Жужжание монитора показалось Вирджинии звуком трубы, возвестившей о кончине мира. Госпожа Геймли плакала навзрыд. Она никак не могла поверить, что ее маленькая внучка, прожившая всего несколько лет, могла умереть прежде, чем умрет она, ее бабушка.
Вирджинии стало трудно дышать. Она не сводила глаз с покрывала, наброшенного на бездыханное тельце Эбби. Секунда проходила за секундой, минута сменялась минутой, но чуда не происходило. Внезапно ее внутреннему взору предстала настолько яркая и живая картина, что она тут же устыдилась ее неуместности, которую можно было уподобить разве что смеху во время богослужения, что, впрочем, не помешало ей тут же перенестись в иное время.
Стояло невыносимо жаркое лето. В наползавшей с залива горячей дымке угадывались темные силуэты зданий, подчеркивавшие необычайную белизну паривших в небе невесомых облаков. Из тумана выплыл смешной старомодный паром с высокой трубой, который направлялся к находившемуся неподалеку от Бэттери причалу. Судя по положению солнца и по жаре, стояла середина июля. Палубы были усеяны пассажирами, с нетерпением ожидавшими прибытия на берег. Над их головами виднелось множество легких белых зонтиков, вызывавших в памяти образ одуванчиков. Мужчины в тщательно отглаженных светлых льняных рубашках светились как белые фонарики. Паром подошел к самому берегу, остановился. Отполированные до блеска ручки турникета распахнулись, и народ хлынул на берег. Вирджиния неотрывно смотрела на незнакомую ей молоденькую хрупкую девушку в светлой блузке, которая поднялась на трап и прошла через терминал одной из последних.
Ее вид не просто тронул Вирджинию, но исполнил ее светлой радости и счастья.
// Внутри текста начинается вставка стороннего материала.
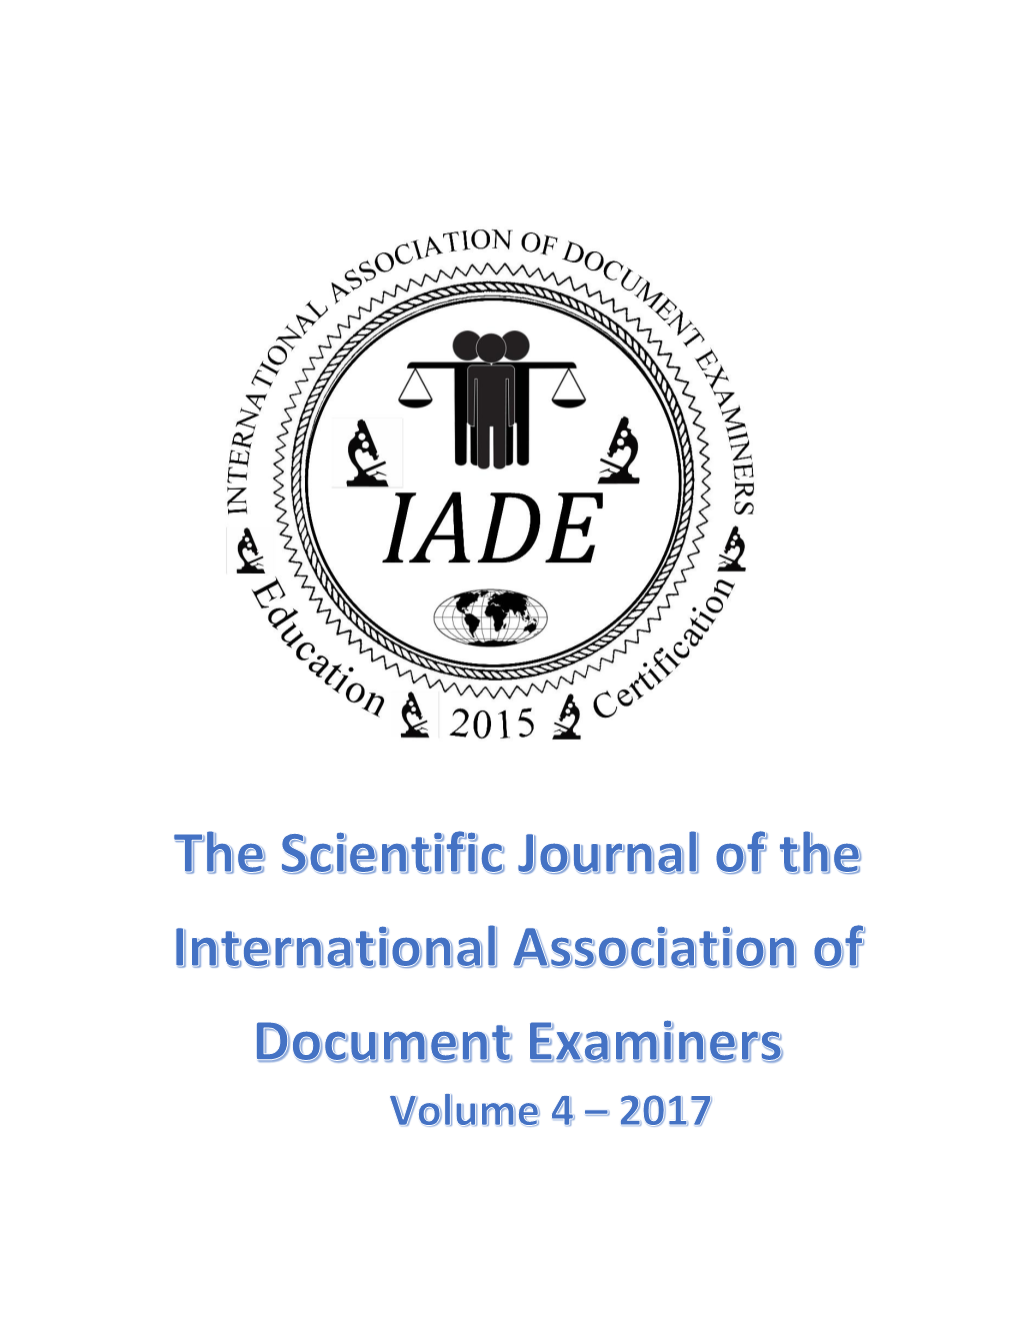 The Scientific Journal of the International Association of Document Examiners Page 1

Тем временем девушка – ей было не больше пятнадцати-шестнадцати – миновала турникет, к которому Вирджинию не подпускали, и исчезла в лабиринте темных душных улиц.
Она вновь увидела перед собой накрытое белым покрывалом тело маленькой Эбби и вспомнила о том, что целую неделю не получала вестей от Хардести.

 

– Понимаешь, – прокричал Хардести, пытаясь не отстать от несшегося по темному туннелю подземки Питера Лейка, – после того как ты купишь жетон, ты имеешь полное право проехать по туннелю.
– Я все это знаю, – ответил на бегу Питер Лейк.
– Тогда куда ты бежишь?
– Неужели ты их не заметил?
– Кого?
– Тех типов в черных куртках!
Хардести тяжело дышал. Он не мог угнаться за механиком, который, подобно олимпийскому чемпиону, без видимых усилий несся вперед и сбавлял скорость единственно из снисхождения к своему немощному компаньону.
– Этих коротышек?
– Да, этих коротышек, которые только и знают, что убивать, грабить и устраивать поджоги! Теперь эти коротышки бегут за нами.
Они остановились. Хардести перевел дух и прислушался. Из глубины туннеля доносились странные звуки, похожие на топот сотни крысиных лап.
– От них теперь просто нет прохода, – усмехнулся Питер Лейк, – хотя время от времени они куда-то исчезают. Я даже рад тому, что они существуют. Не будь их, я жил бы совсем иной, призрачной жизнью.
– Я видел их в Кохирайсе, – отозвался Хардести. – Как это я сразу не сообразил, что они могут появиться и в городе, ведь ими явно движет чувство мести!
– Кохирайс… – задумчиво повторил Питер Лейк. – Знакомое название…
– Там находится дача Пеннов.
Питер Лейк никак не отреагировал на эти слова.
– Гарри Пенн – наш работодатель.
– Никогда о таком не слышал, – ответил Питер Лейк.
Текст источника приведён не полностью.